All need to prevent senseless acts

The bludgeoning to death of a defenseless Hawaiian monk seal was cold and heartless. 

We need to bring focus and attention to the necessity of re-establishing the essence of “living aloha” and the emphasis of practicing “malama aina” principles to the consciousness of all who live here and to those who come to visit our aina! We are all responsible for protecting and preserving the basic values and traditions developed by the kanaka maoli for all of us to observe and live by. These things cannot be taken for granted! 

Media exponents should be front and center to provide information of these basic principles. Schools should incorporate lessons into the curricula at all levels to develop awareness of these “life lessons.” However, it may be possible to promote ways to “live aloha” and taking care of our environment should be part of our daily lives. This is our shared kuleana — for residents and visitors alike! Let’s join forces and make every effort to prevent cruel and senseless acts like this from happening again. 

Jose Bulatao, Jr., Kekaha

School empowerment would improve state’s education system

More and more people are coming to the realization that Hawaii’s public school system is dysfunctional. The Department of Education has adopted an obsolete organizational model of command and control that has not kept up with how society has evolved and is not consistent with contemporary management principles.

The central office of the DOE controls schools by issuing commands and principals and teachers must comply with the mandates. At every school, however, the principal and teachers know much more than those in the central office about their students and how best to educate them.
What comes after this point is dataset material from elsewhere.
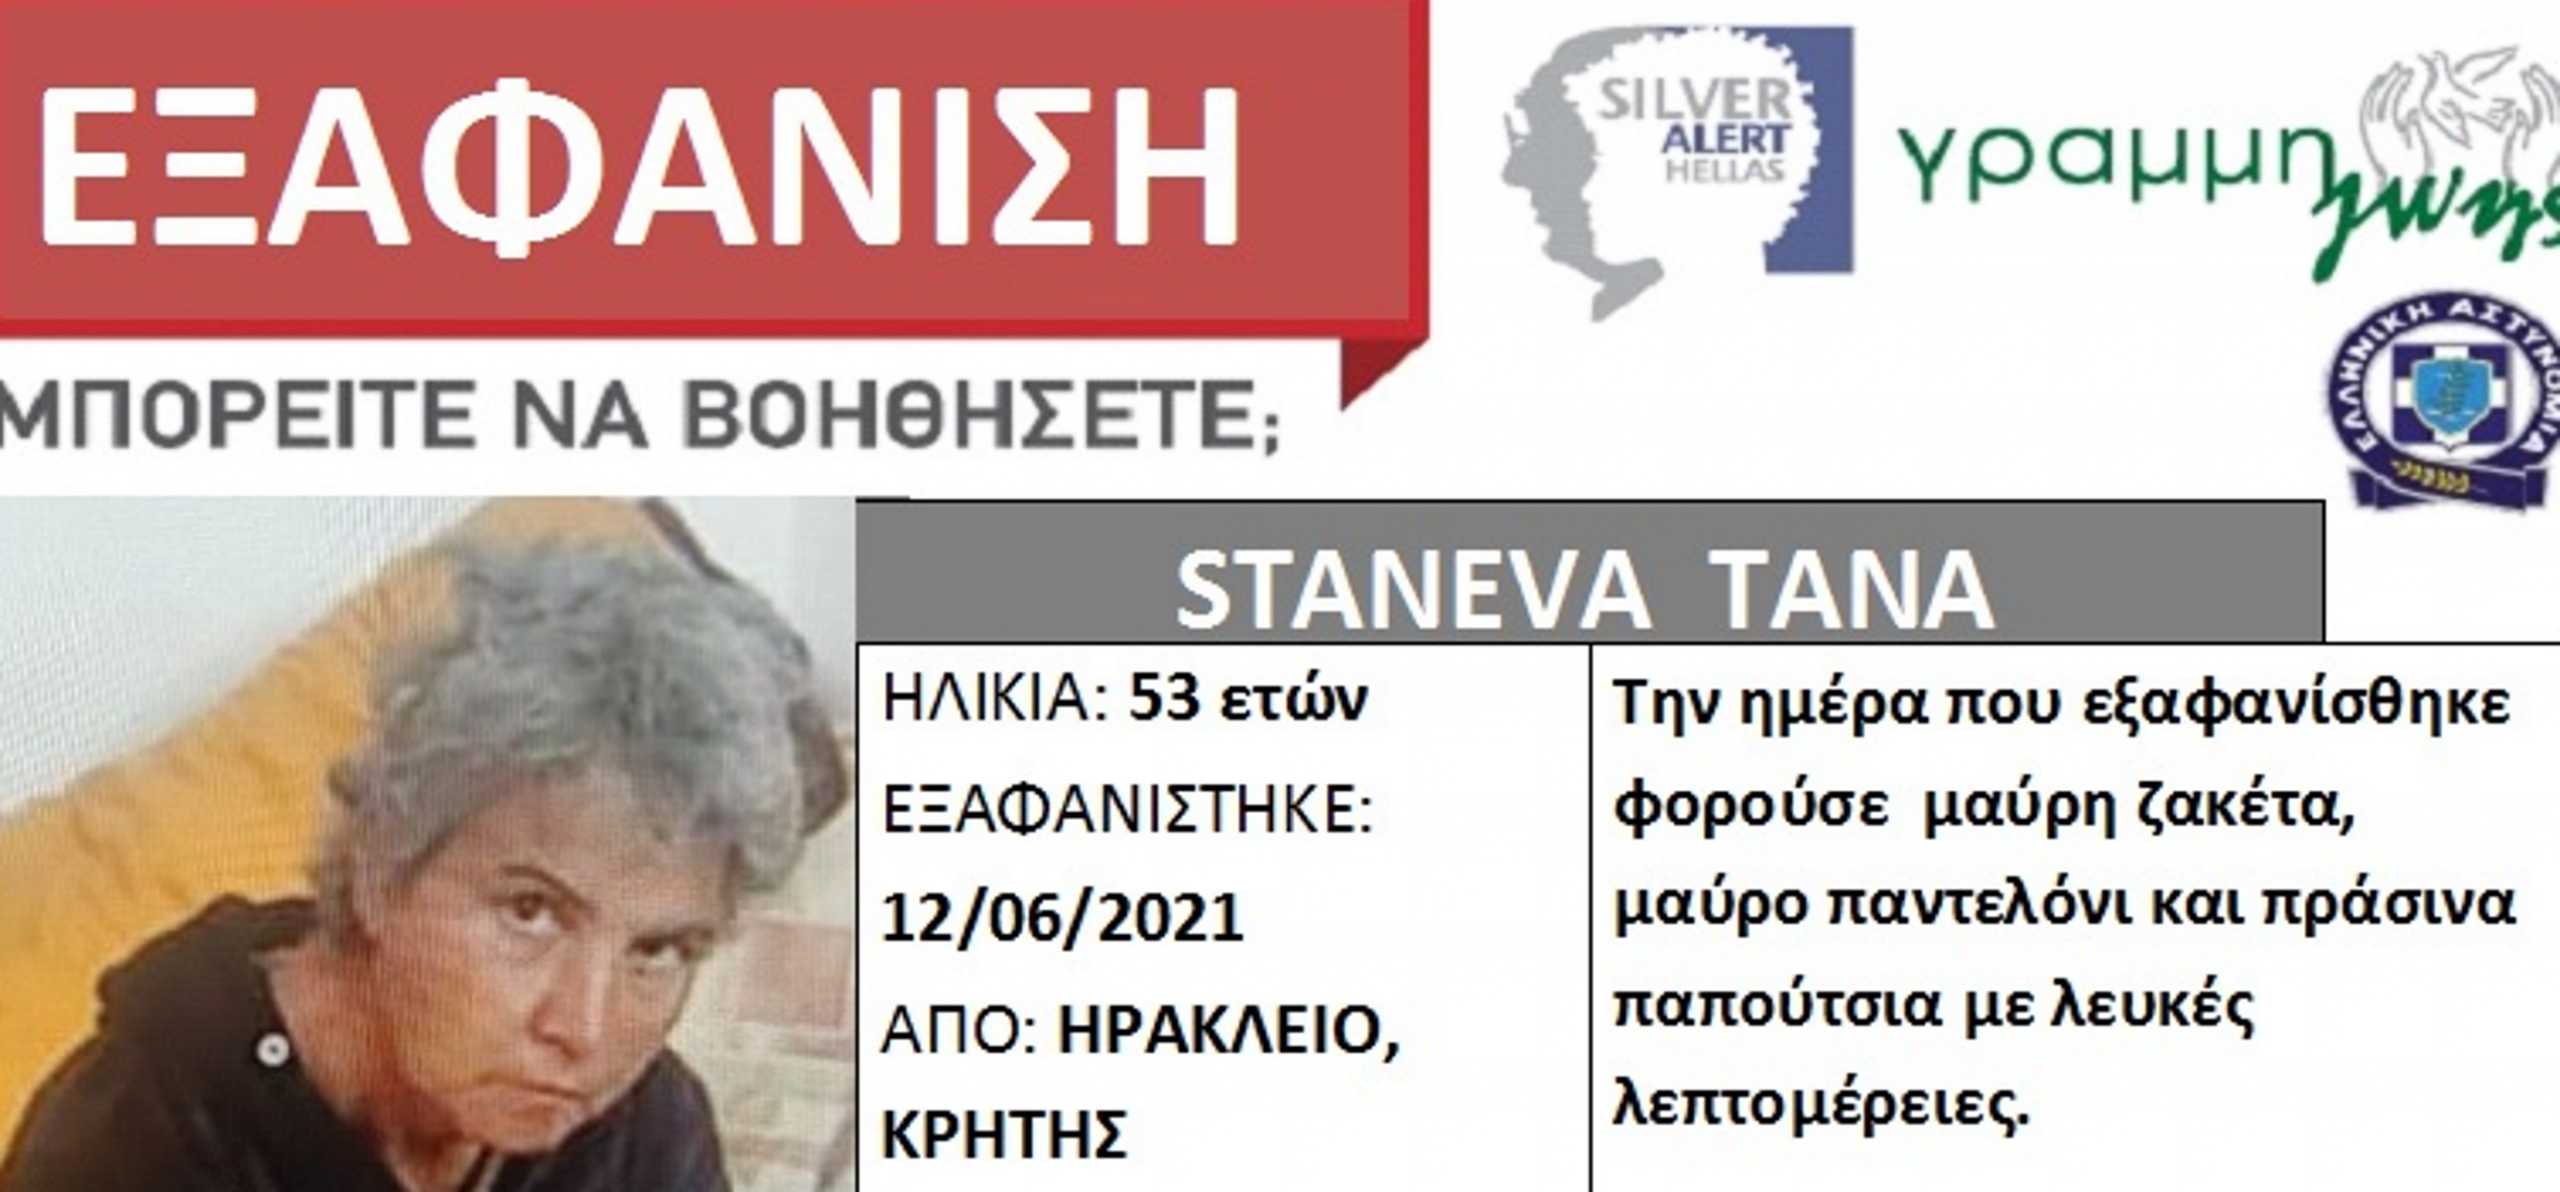 Silver Alert για 53χρονη στο Ηράκλειο

Principals and teachers often view the mandates as irrelevant to student learning. Yet, they have to comply with the seemingly endless stream of mandates, which detracts from fulfilling their educational responsibilities. It’s no surprise that their morale is at an all-time low.

No wonder Hawaii consistently ranks in the bottom 10 among all state school systems. Good people are working in a bad system.
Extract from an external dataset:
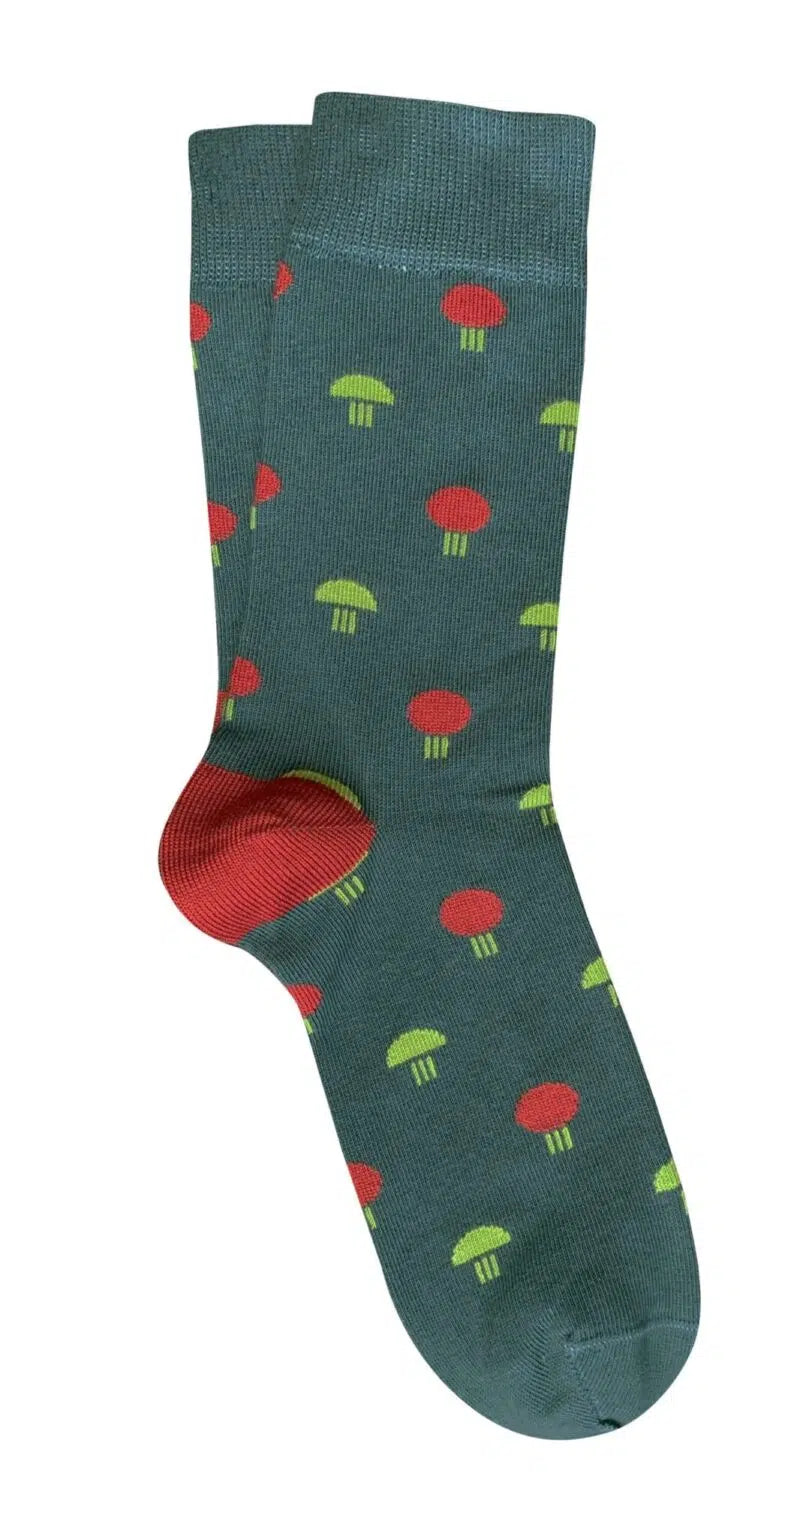 Tightology – Allegro Green Socks

School empowerment consists of organizing principles that are designed to change the culture of educational institutions, such as Hawaii’s DOE, by putting student learning at the center of all activities. School empowerment aligns the roles and responsibilities of all employees so that they are accountable in their own way for student learning.

School empowerment recognizes that at every school the principal and teachers know their students best, and they can best design the most effective educational program for them. Individual schools are given the majority of the responsibility for student learning. At each school, the principal is an educational leader who encourages and facilitates collaboration among teachers, other school staff, and other stakeholders. Through collaborative efforts, they determine the educational philosophy of the school, the curriculum, instructional methods, and how ancillary services support student learning.

School empowerment envisions a decentralized structure in which the role of the central office and its district offices is changed from one of command and control to that of support for the individual schools. As a group, the individual schools determine what they need from the central office.

School empowerment aligns resources with responsibilities. Most of the total budget for education is distributed equitably to the individual schools because that’s where learning takes place.

School empowerment consists of a set of principles that must be woven into the fabric of the organization. It is not a template that can be easily laid down. The process takes time and requires substantial effort by many people. Ultimately, however, school empowerment holds the promise of achieving excellence in education for Hawaii’s children. They deserve nothing less.